The Finisher (Dark Verse #4)
Prologue
It was his third murder that week.
His fiftieth in total, spread out over years. But this one was special. Something he would celebrate later.
The woman's body lay torn open in the grimy alley, heels askew, lipstick smudged, eyes vacant.
He loved that look in their eyes—the unseeing gaze fixed on an open sky they would never soar through. Because in those last moments, he was their god. They called him the Fortis Finisher. He preferred Lord of Death, though no one really used that name. Not yet. Someday, when all the murders were connected to him and the corrupt cops finally woke up, they would.
Smoke seeped from the crack between the buildings in thin tendrils. A light bulb flickered somewhere overhead. And the butcher? He wiped his knife on the torn hem of her skirt, letting the blood soak into the white fabric. A souvenir to stash with the rest. He was still high on the kill, on the chase, on her desecrated body exposed to the elements. The incoming rain would wash away all evidence. The cops would never give a shit about another missing whore. And the one man who owned the city would take the fall, framed for the crimes.
Then the butcher would become the entire city's god.
It was the perfect plan.
A movement in the shadows at the end of the street made him freeze. He squinted, trying to pierce the thick air, and saw a silhouette leaning against the wall. The same silhouette he had seen at every kill for the last two weeks.
A sound pierced the silence. A lighter flicked open. A flame bloomed, barely illuminating a hand, before being extinguished.
The same.
Fear wasn't an emotion he was familiar with. But watching that silhouette in the dark—uncaring, unmoving, observing him, stalking him for two weeks—a frisson crawled down his spine.

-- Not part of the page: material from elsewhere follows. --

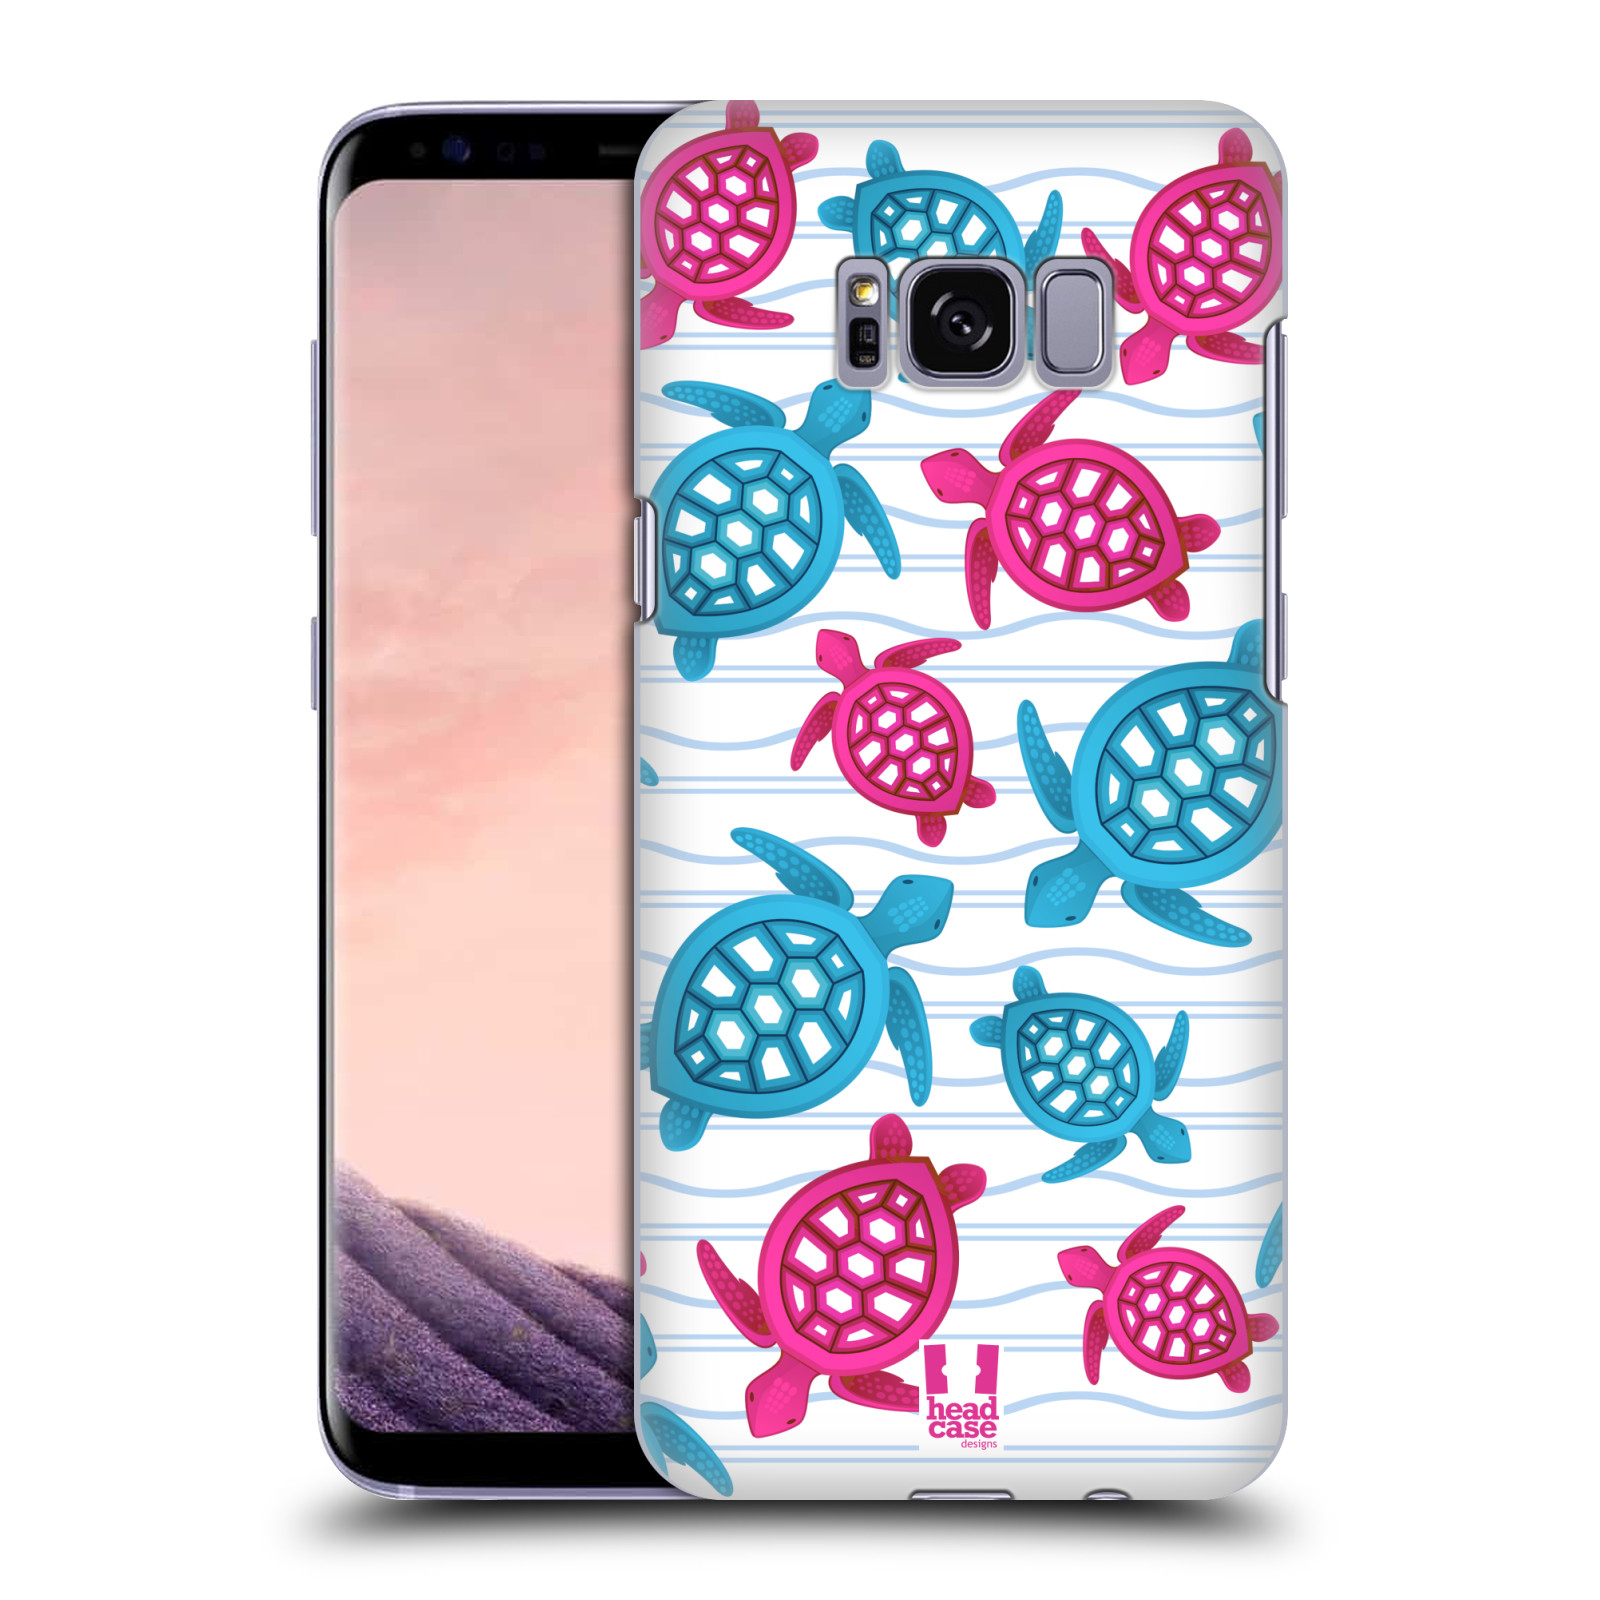 Zadní obal pro mobil Samsung Galaxy S8 - HEAD CASE - kreslený mořský vzor želvičky
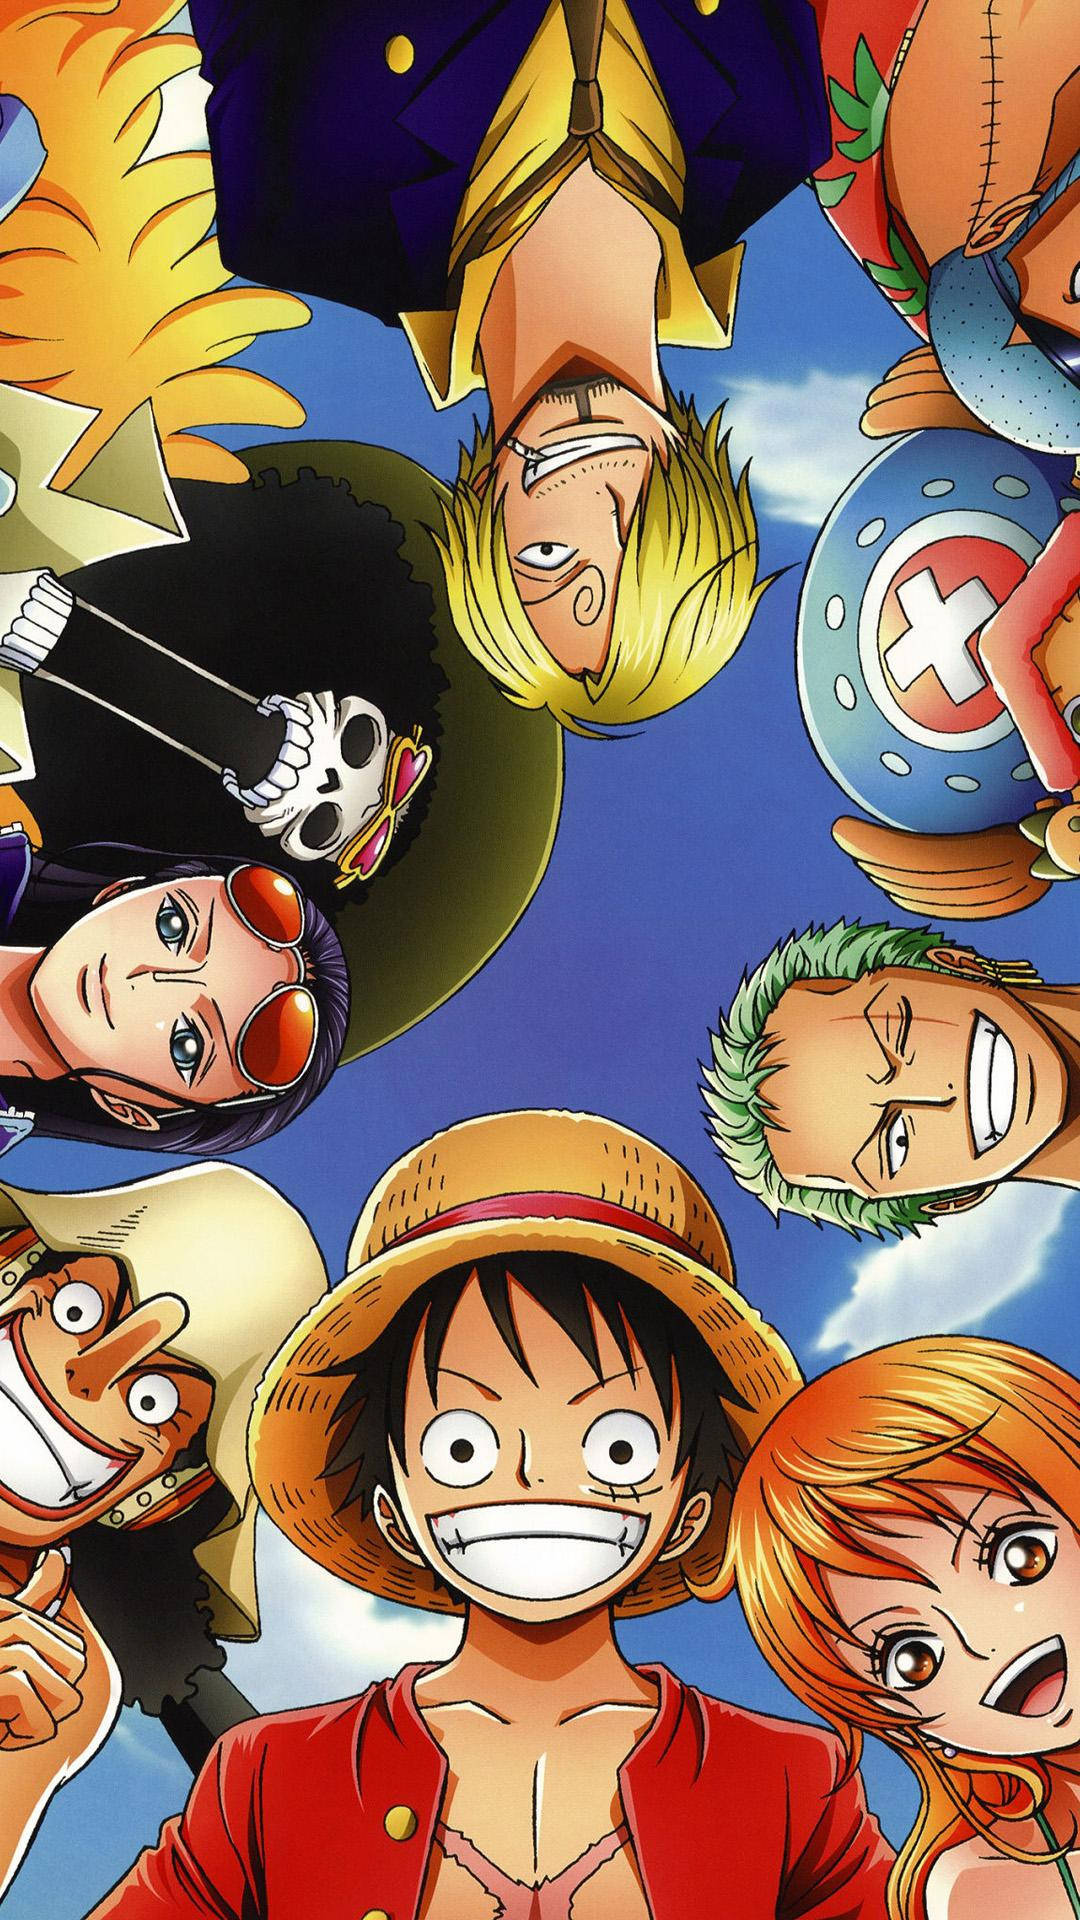 One Piece phone background (60 words) Bạn có phải là một fan của bộ manga One Piece không? Bạn muốn thay đổi hình nền điện thoại của mình với các hình ảnh độc đáo về Luffy, Sanji, Zoro, Nami và đồng đội khác trong bộ truyện này? Trên trang web này, bạn sẽ tìm thấy nhiều lựa chọn hình nền độc đáo với những tình huống hấp dẫn, đầy màu sắc và tinh tế. Hãy để cho hình nền One Piece thể hiện cuộc đời của bạn nào!

No, it couldn't be the myth.
He told himself that every time. A myth to many, a truth to some who never lived to tell the tale. The name everyone deep in the underworld knew to fear. Was that him? No. No way. The man wasn't real. It was possibly just a homeless guy who had seen everything and was too scared to come out. Or maybe even an undercover cop. Nothing else.

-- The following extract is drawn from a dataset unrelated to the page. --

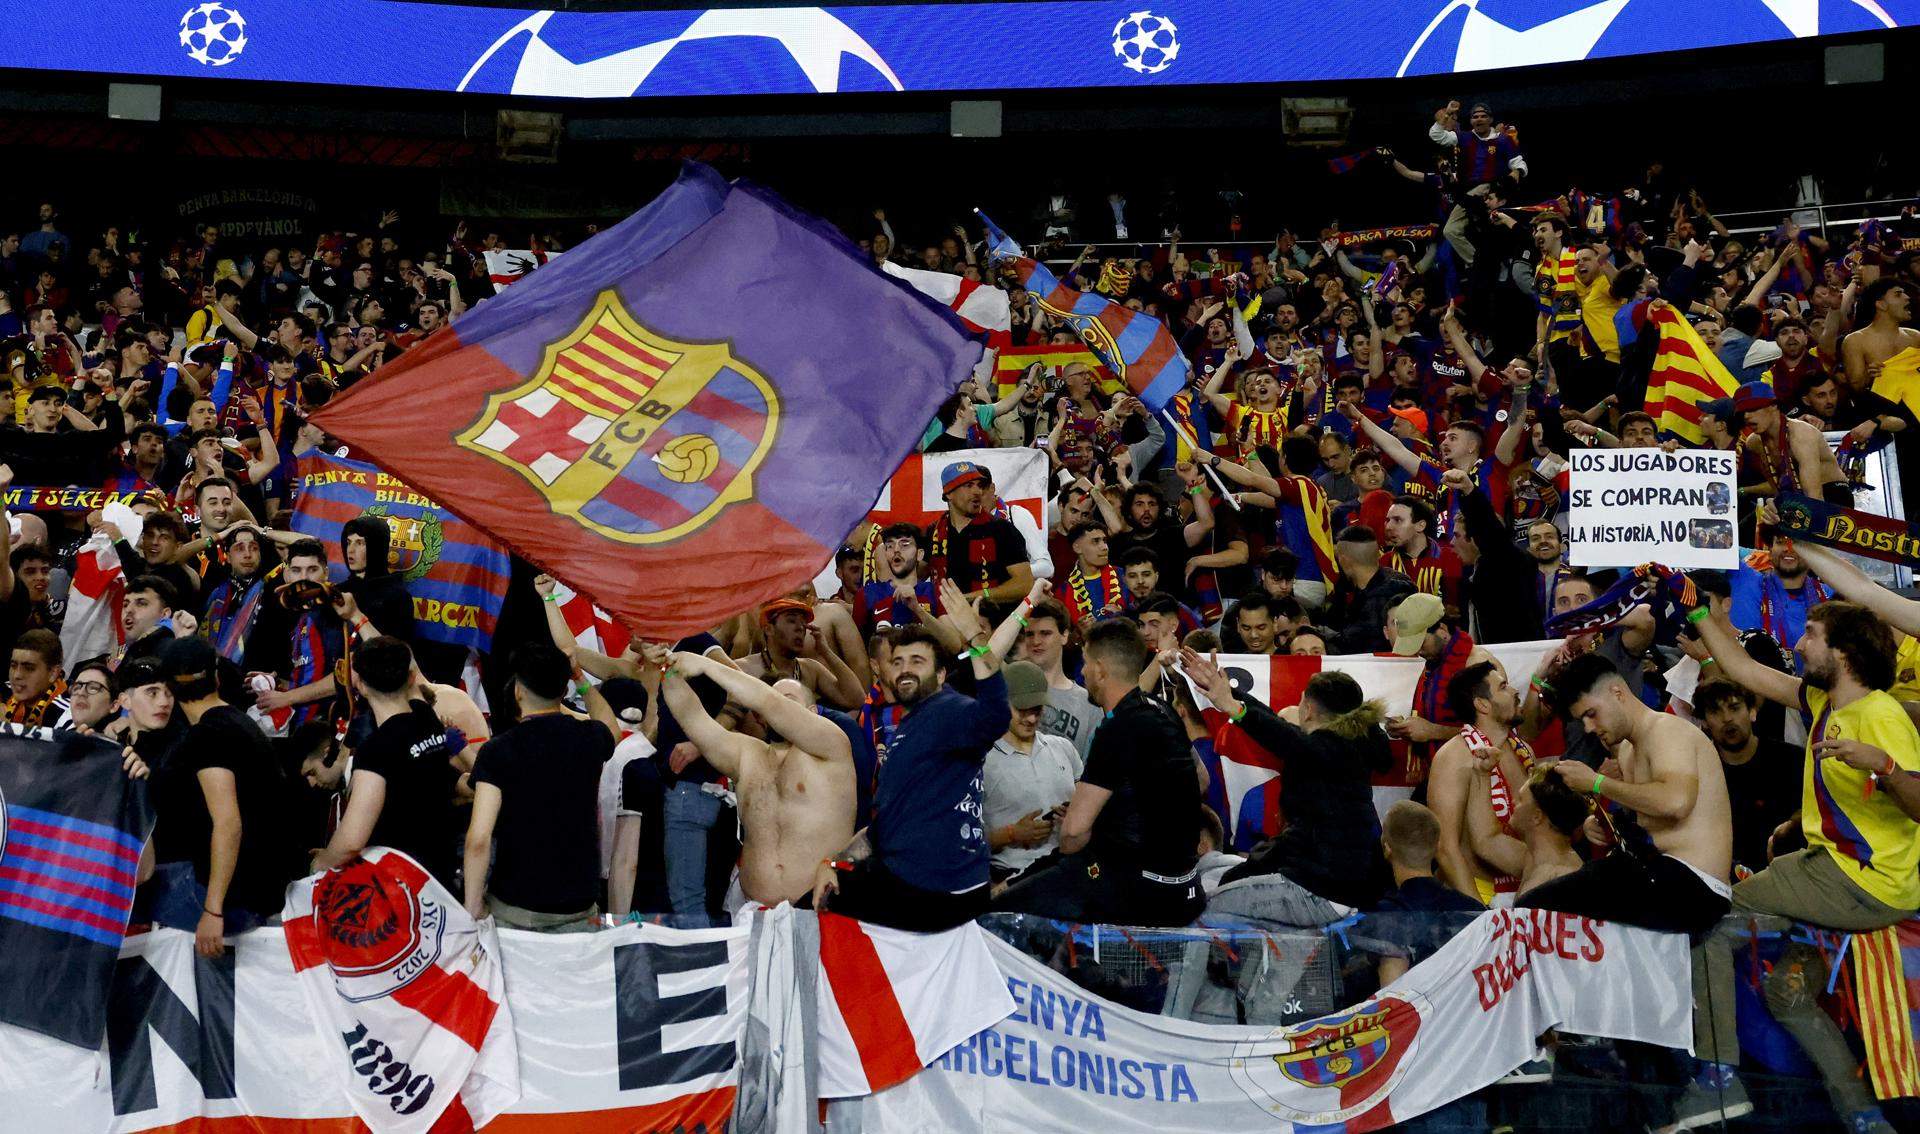 Detinguts dos aficionats del Barça per crits racistes i salutacions feixistes durant el PSG-FCB a París

"Get lost before I cut you open," the butcher called out, glad his voice lacked the tremor he felt inside.
No sound. No movement. Nothing but eyes watching him quietly.

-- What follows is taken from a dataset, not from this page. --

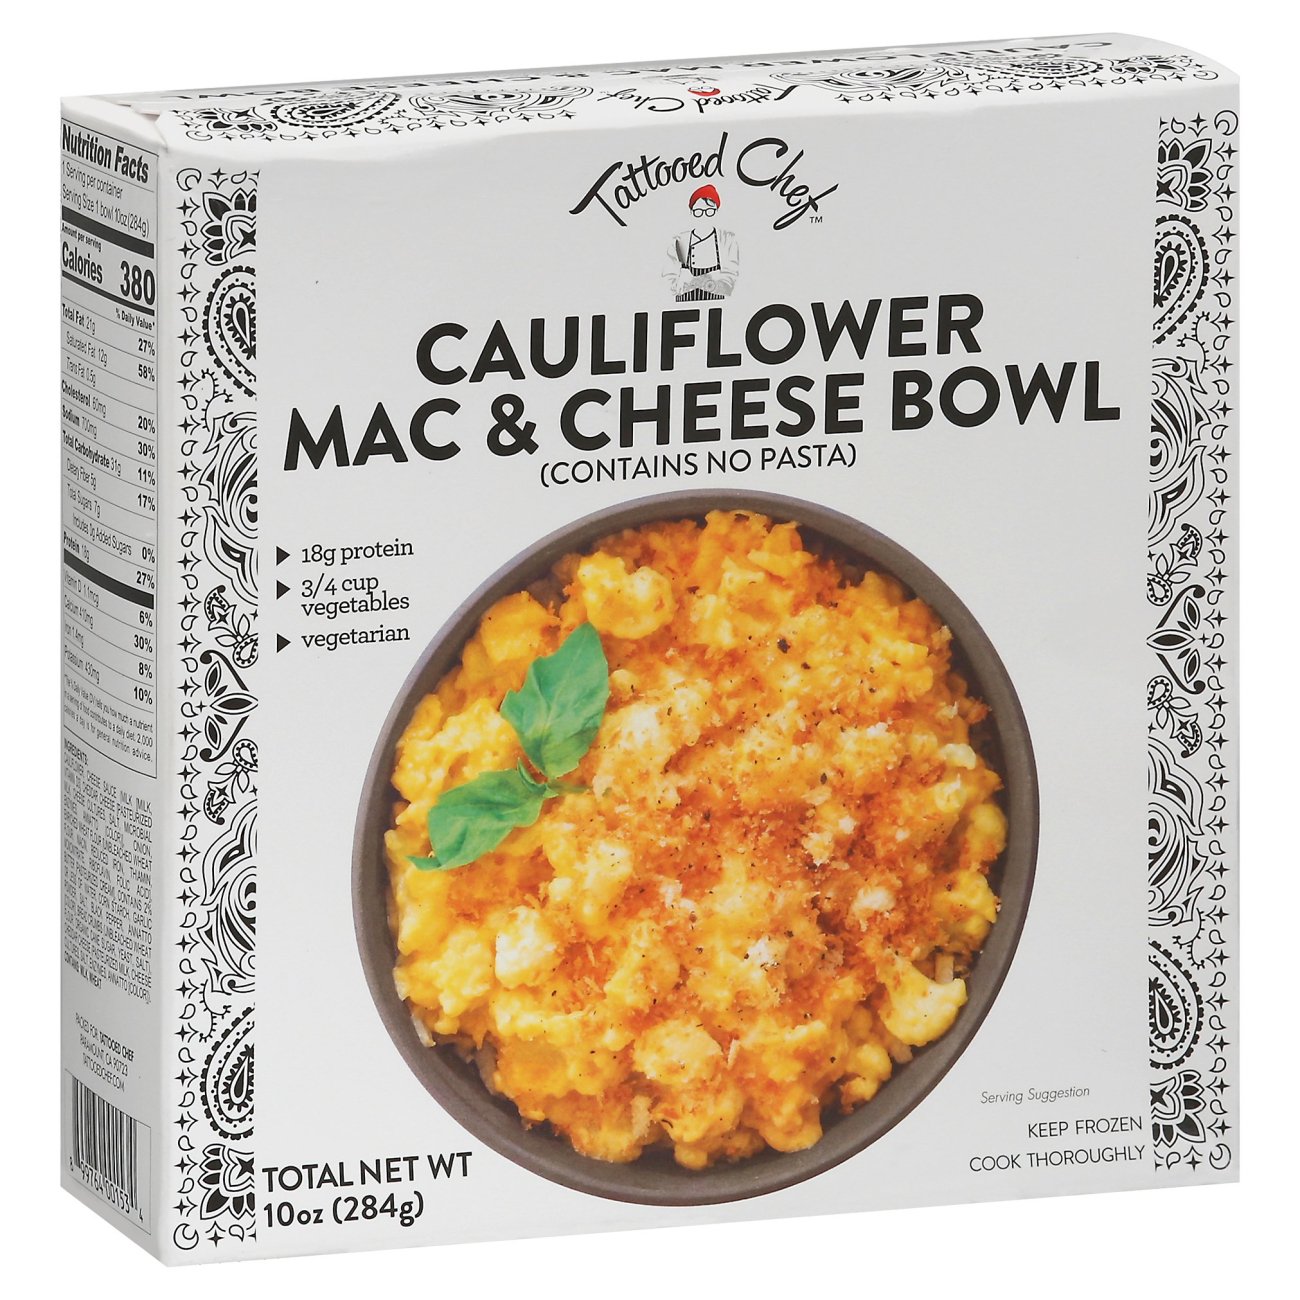 Tattooed Chef Cauliflower Mac & Cheese Bowl - Shop Meals & Sides at H-E-B

It scared him. Emasculated him. He didn't like that. He, who had terrorized and killed over fifty women, felt fear watching a silhouette in the shadows because of some fucking underworld myth.
Sirens wailed somewhere in the city, distant in the dead of night. A nightclub down the block pounded with music as its door opened and closed.
He heard only his own breathing, angry at being afraid, angry at feeling hunted.
He took a step back.
The silhouette didn't move. Just kept watching.
Just a scared homeless guy. That was all.
He pocketed his knife and backed out of the alley, scanning slowly to ensure no one else saw him, then broke into a sprint away from the crime scene. But just before he turned off the block, paranoia got the better of him. He looked back at the mouth of the alley, like he did every time.
And like each time, a man in dark clothes stood in the shadows, leaning against the wall, flicking a lighter, watching him run like a coward into the night.
The Shadow Man. A bigger monster than he. Was real.